Deux jeunes et deux quinquas

L'identification formelle des dépouilles est finalisée. Quant à la carcasse de l'avion, elle sera rassemblée et récupérée par le Service suisse d'enquête de sécurité (SESE) afin de déterminer les circonstances exactes de cette tragédie, en collaboration avec la police cantonale. Parallèlement, le ministère public du canton du Valais a été saisi.

L'avion de plaisance avait décollé de l'aéroport à 15h37. Un vol privé piloté par un adepte chevronné, un Vaudois de 54 ans, domicilié dans le Valais central. Il comptabilisait de nombreuses heures au compteur et avait décidé de faire profiter trois proches: son fils de 21 ans, une Danoise de 59 ans et son garçon de 20 ans en villégiature en Suisse. Vraisemblablement pour un trajet estimé entre 1h et 1h30. Décollage de Sion direction Martigny, puis le Cervin et retour par le val d'Anniviers avant l'atterrissage dans la capitale. Le pilote était aux commandes du Robin DR 400 - 180, propriété du Groupe de Vol à Moteur (GVM) de Sion.
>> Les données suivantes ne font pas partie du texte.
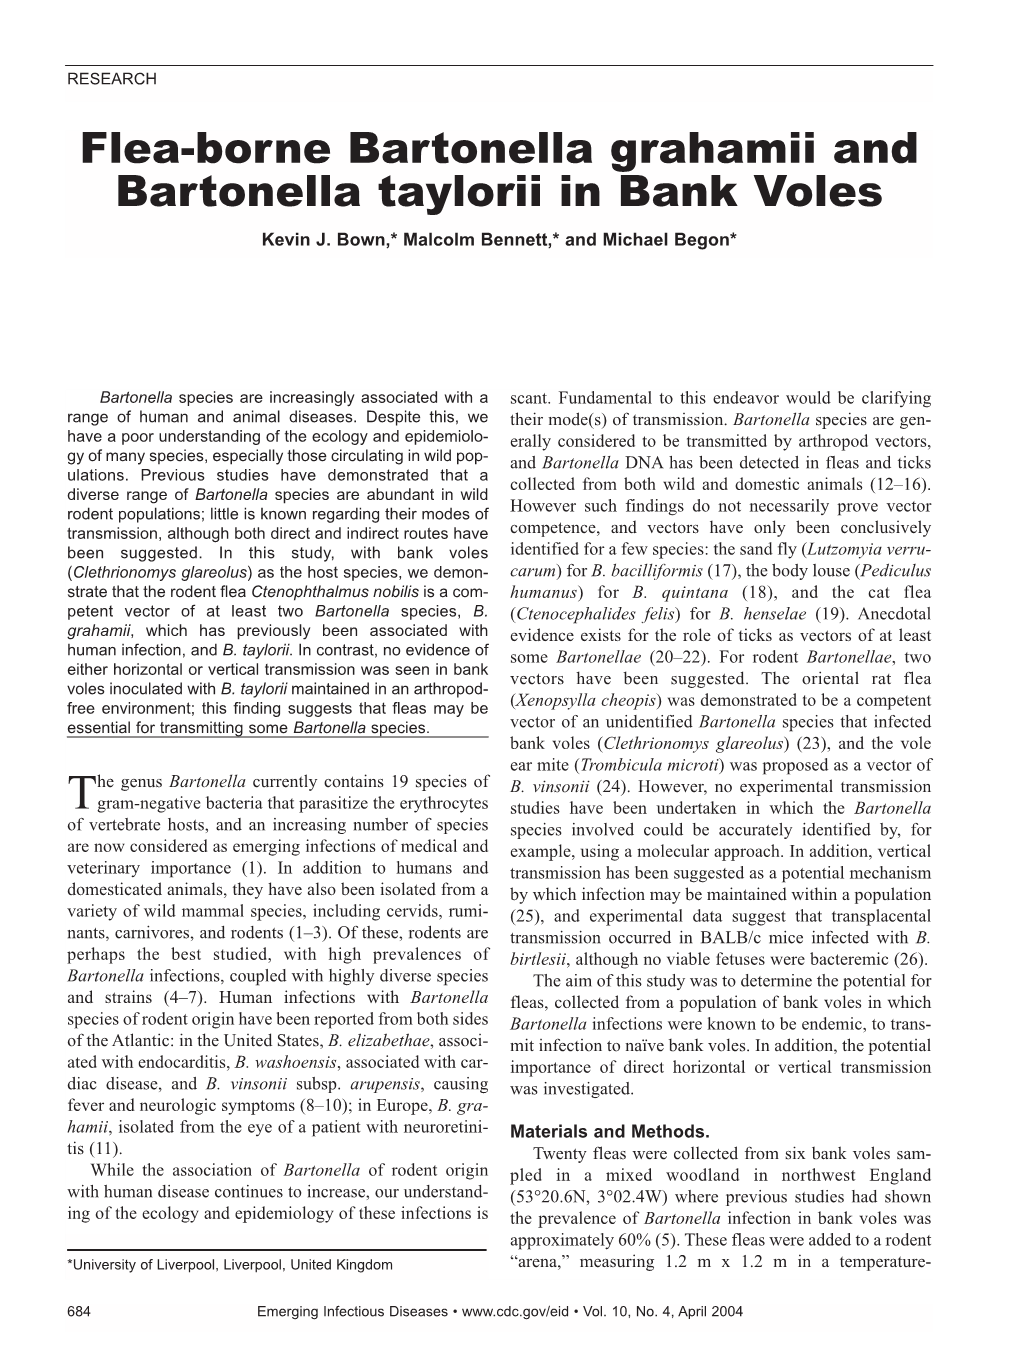 Flea-Borne Bartonella Grahamii and Bartonella Taylorii in Bank Voles Kevin J

Une panne? Un survol à trop basse altitude?

«Ce vol n'a rien de dangereux, nous confirme Ricardo Reis, pilote instructeur et porte-parole du GVM. Si la météo est bonne et les compétences sont là, il n'y a pas de risque. Nos pilotes sont entraînés pour des vols sur les Alpes. Ils calculent tout avant de se lancer. La chaleur, la densité de l'air, etc. C'était un pilote expérimenté, membre de notre club. Il avait la tête sur les épaules. C'était quelqu'un de très calme.» Alors que pourquoi ce crash? «Les hypothèses sont multiples. J'en vois trois à ce stade: un malaise, une panne moteur ou un survol trop bas.»